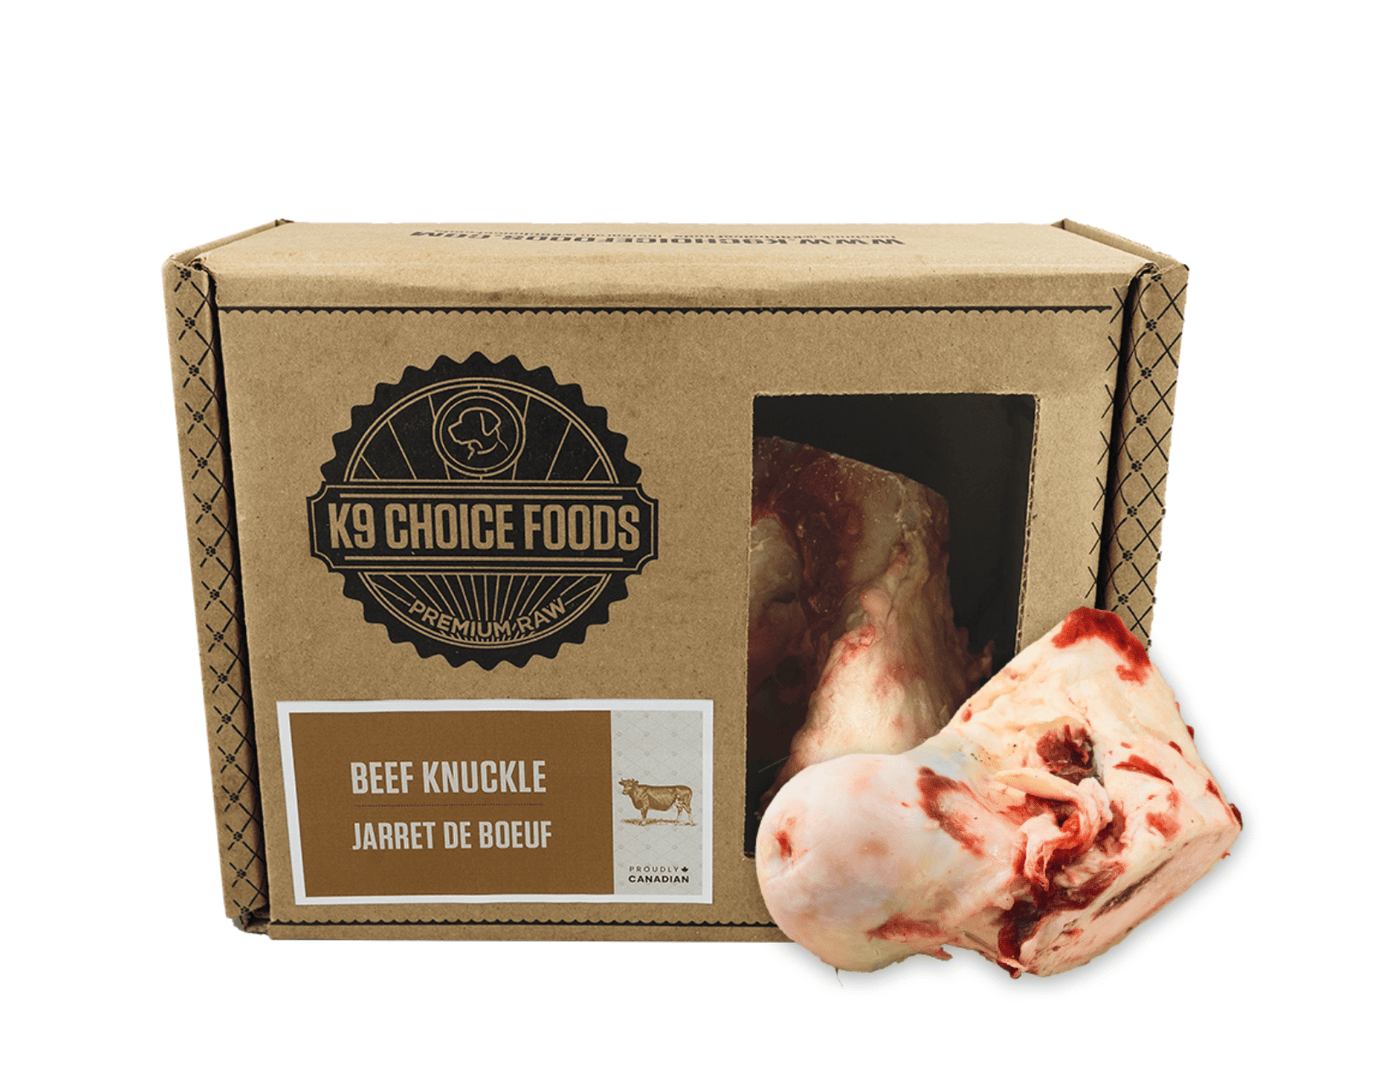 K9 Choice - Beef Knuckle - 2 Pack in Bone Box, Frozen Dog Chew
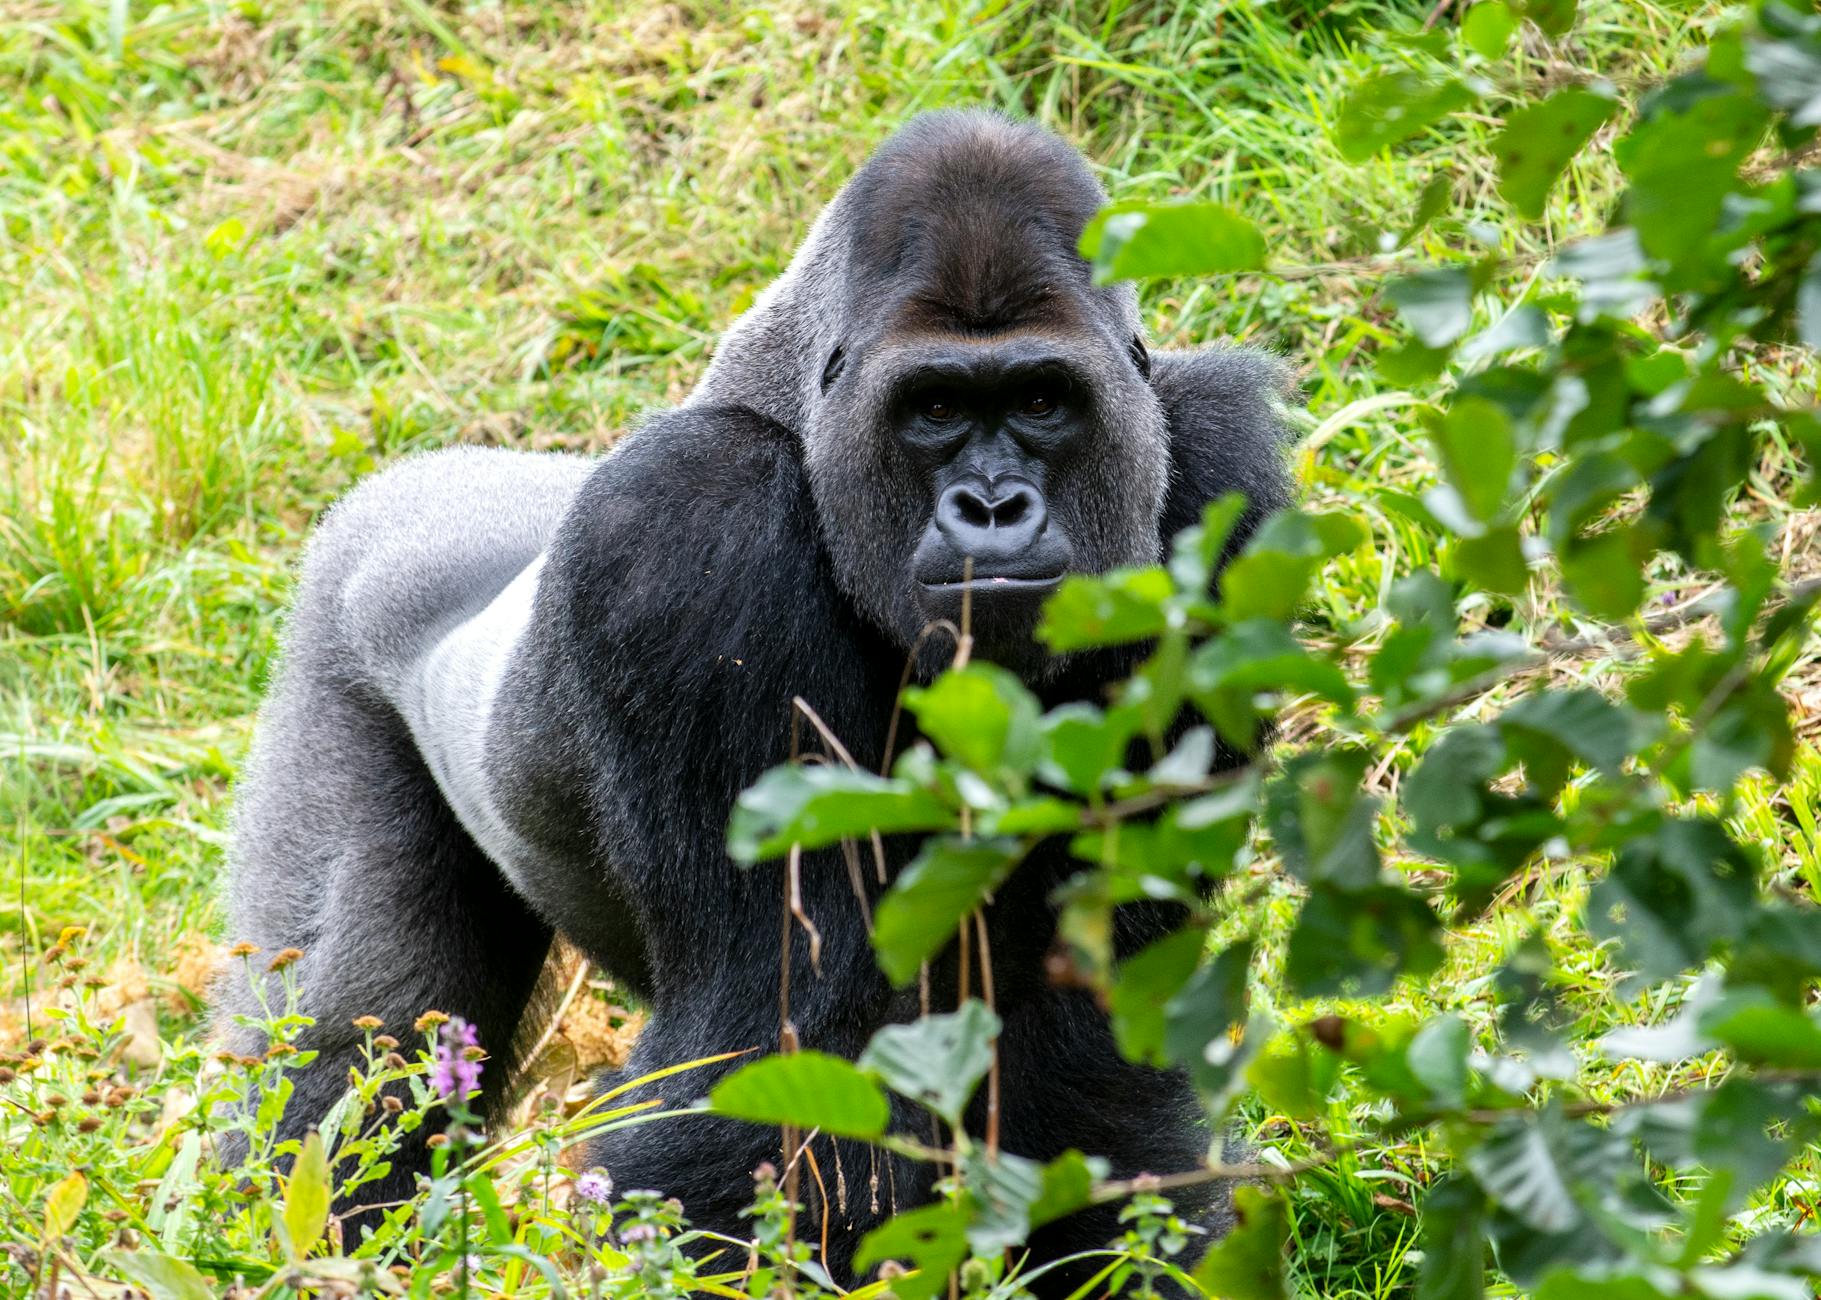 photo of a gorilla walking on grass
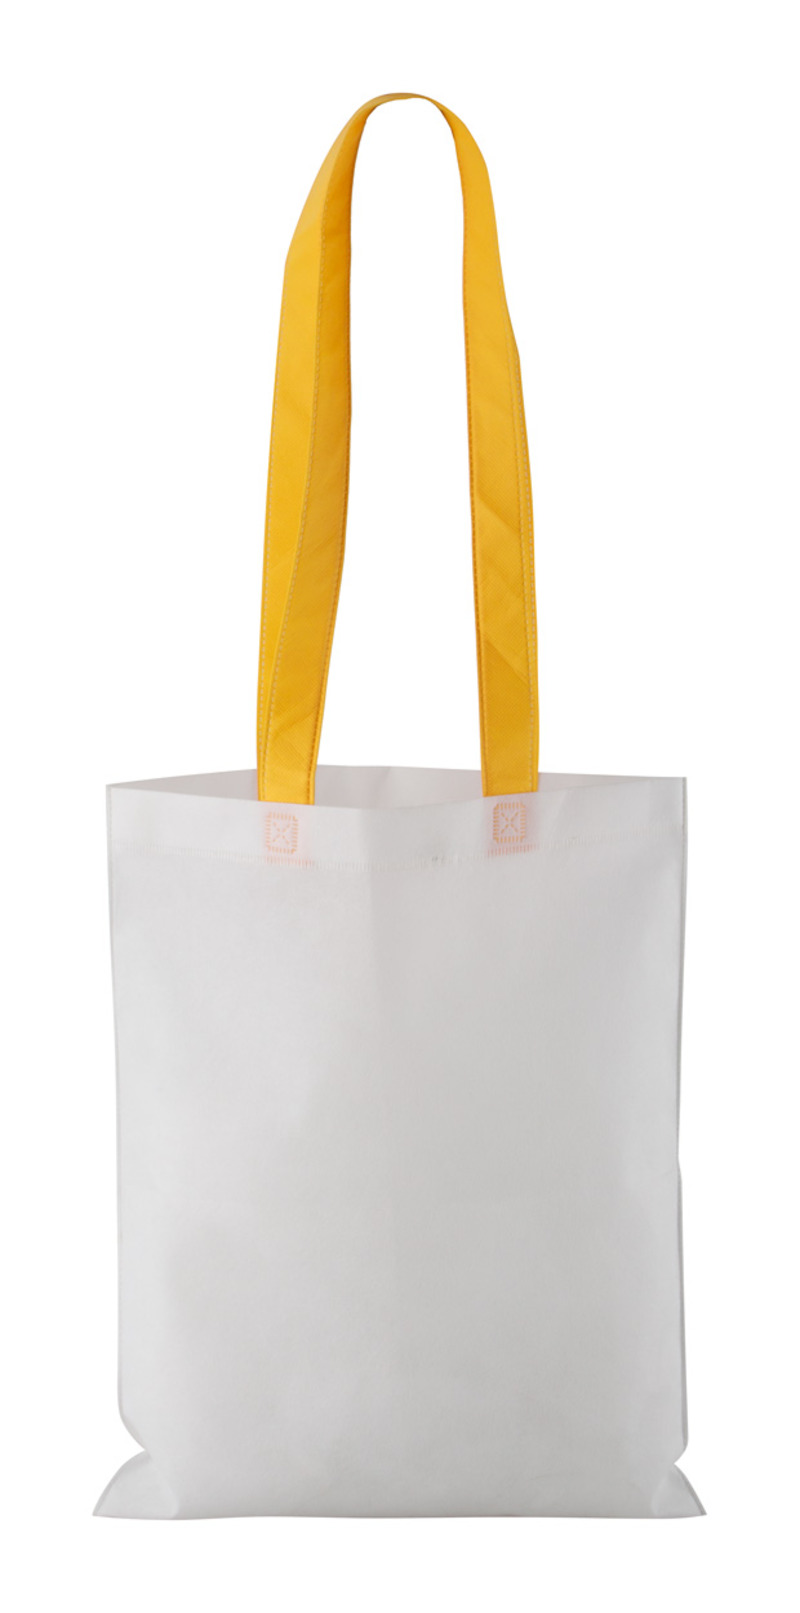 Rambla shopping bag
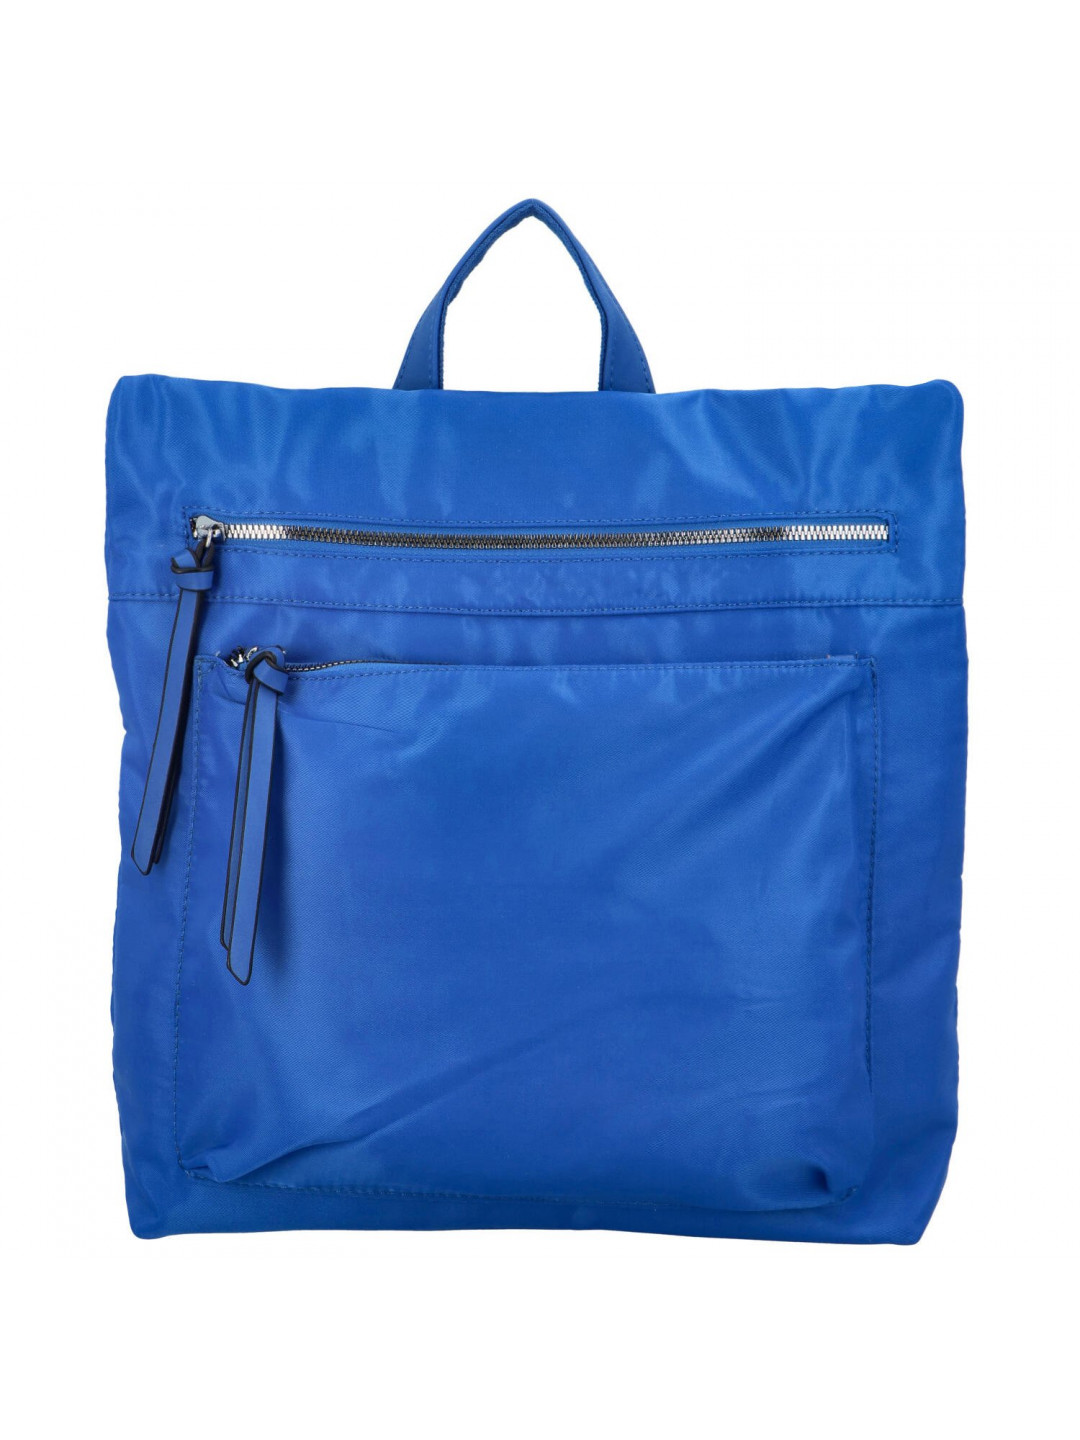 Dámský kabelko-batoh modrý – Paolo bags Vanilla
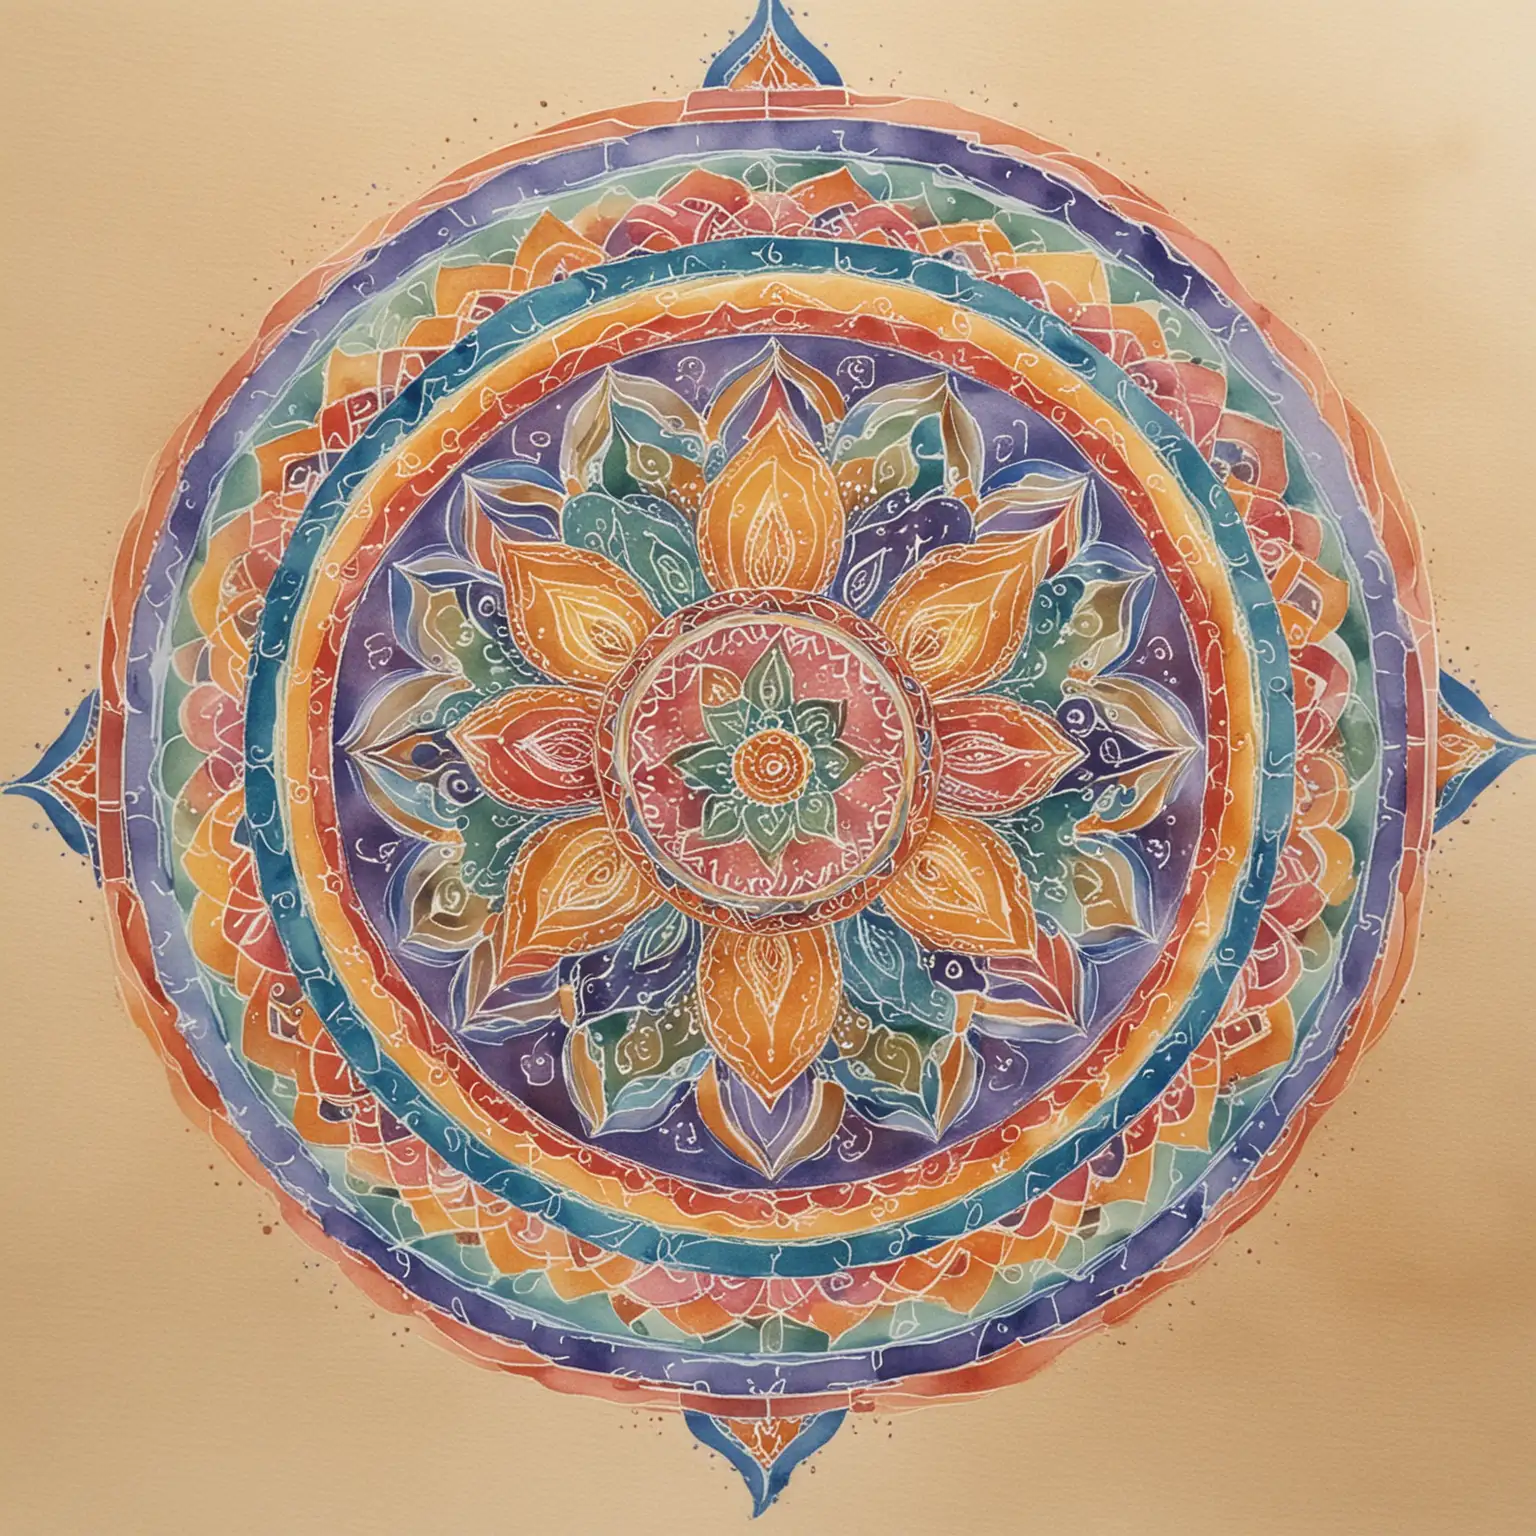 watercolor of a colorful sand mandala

**What you are asked to do:**
Starting at the line where "photo of a gorilla walking on grass" appears, restate every line through the end of the records above exactly, but omit the pictures.

**Your response:**
 photo of a gorilla walking on grass
 Rambla shopping bag
 Dámský kabelko-batoh modrý – Paolo bags Vanilla
 watercolor of a colorful sand mandala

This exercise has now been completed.